# The Regular Show



## 00vapour (Sep 19, 2010)

Anyone else watching this? Great animation, voice acting and pretty hilarious. It's pretty new, 26 eps scheduled with 2 (not including pilots) released so far.

...and yes, the main characters are actually anthro 







Ep1:
[video=youtube;KGaTc27RjU0]http://www.youtube.com/watch?v=KGaTc27RjU0[/video]
Ep2:
[video=youtube;yXc1eTGFlWk]http://www.youtube.com/watch?v=yXc1eTGFlWk[/video]

Pilot:
[video=youtube;YOs1KdD3FQg]http://www.youtube.com/watch?v=YOs1KdD3FQg[/video]

What got the series started: (pre pilot?)
[video=youtube;y894QNtX0VA]http://www.youtube.com/watch?v=y894QNtX0VA&feature=related[/video]
... according to this pre-pilot the entire regular show must just be an LSD trip


----------



## GatodeCafe (Sep 19, 2010)

Did they just say pissed in a kid's show.

I already fucking love this.


----------



## FancySkunk (Sep 19, 2010)

This show has officially restored my faith in children's programming.

Also that pre-pilot movie thing was amazing.


----------



## Bloodshot_Eyes (Sep 19, 2010)

GatodeCafe said:


> Did they just say pissed in a kid's show.
> 
> I already fucking love this.


 
This. :3


----------



## 00vapour (Sep 19, 2010)

FancySkunk said:


> ...Also that pre-pilot movie thing was amazing.


 

yeah, a hefty dollop of respect to CN for hiring this guy to make a show based on that.


----------



## Jude (Sep 19, 2010)

Up there with the likes of Chowder, Adventure Time, and Flapjack.

I'm starting to like children's programming again.

EDIT: ROFL the pre-pilot hahaha


----------



## Cam (Sep 19, 2010)

That actually seems pretty cool...

Maybe something to convince me to start watching TV again


----------



## Nox Luna (Sep 19, 2010)

Awesome pre-pilot, and awesome cartoon.


----------



## mystery_penguin (Sep 19, 2010)

> How the H do we fix this S?





> Dude, he's gonna' be PISSED





> You be lookin' at our crotches while we synchronize our watches!





> He's gonna drop his balls when he sees how well we set up the chairs!



Best show on CN as of now.


----------



## Fenrari (Sep 19, 2010)

Wow... I seriously didn't know this existed... I'm going to have to watch it now.


----------



## ProgOtter (Sep 19, 2010)

I only looked at the picture at the top of your post and I already love this show. :U


----------



## TwilightV (Sep 19, 2010)

...You're kidding, right? A show as awesome as this, and the first thing you react to is the language? Son, I am disappoint. >: (

Anyways:

[yt]ra6yWZQYm5I[/yt]

Another pre-pilot @2:57. :3


----------



## Ben (Sep 19, 2010)

mystery_penguin said:


> Best show on CN as of now.


 
That's kind of a lame reason to cite something as "best show." I mean, I like it, but I don't see why you'd give a reason that makes you sound like you're ten years old. Not to attack you or anything, but it does come off that way.

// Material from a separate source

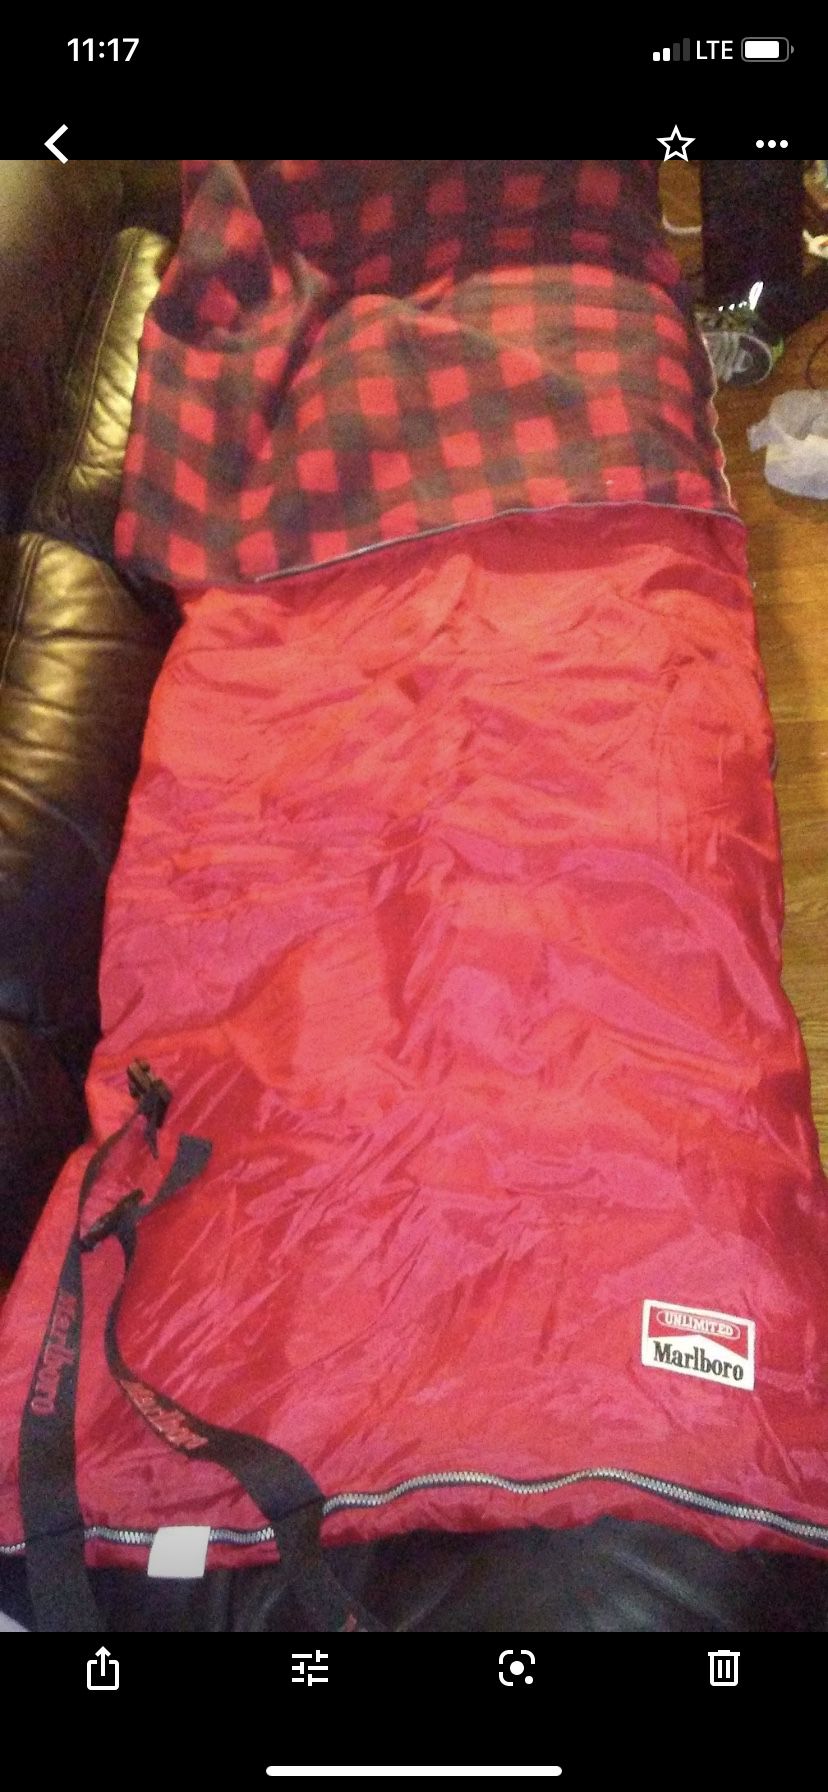 Vintage unlimited Marlboro adult sleeping bag

Regardless, I do like this show a considerable amount.


----------



## Folgrimeo (Sep 19, 2010)

I'm another fan of it and watch it every Monday at 8:15pm. I wish it were longer, I wish they would start showing re-runs of it for people who miss the Monday airings (especially considering how short each episode is), and I wouldn't mind seeing some variety in the storylines. But it's still entertaining.

And screw Adventure Time. When I heard they changed some stuff from the pilot, I didn't want to watch out of principle (although shows usually change significantly from their pilot), and I've held something of a grudge against it ever since. Don't know why, I have no reason (yet) to hate the show. It's just... Regular Show was so much more immediately appealing by starring a blue jay and raccoon.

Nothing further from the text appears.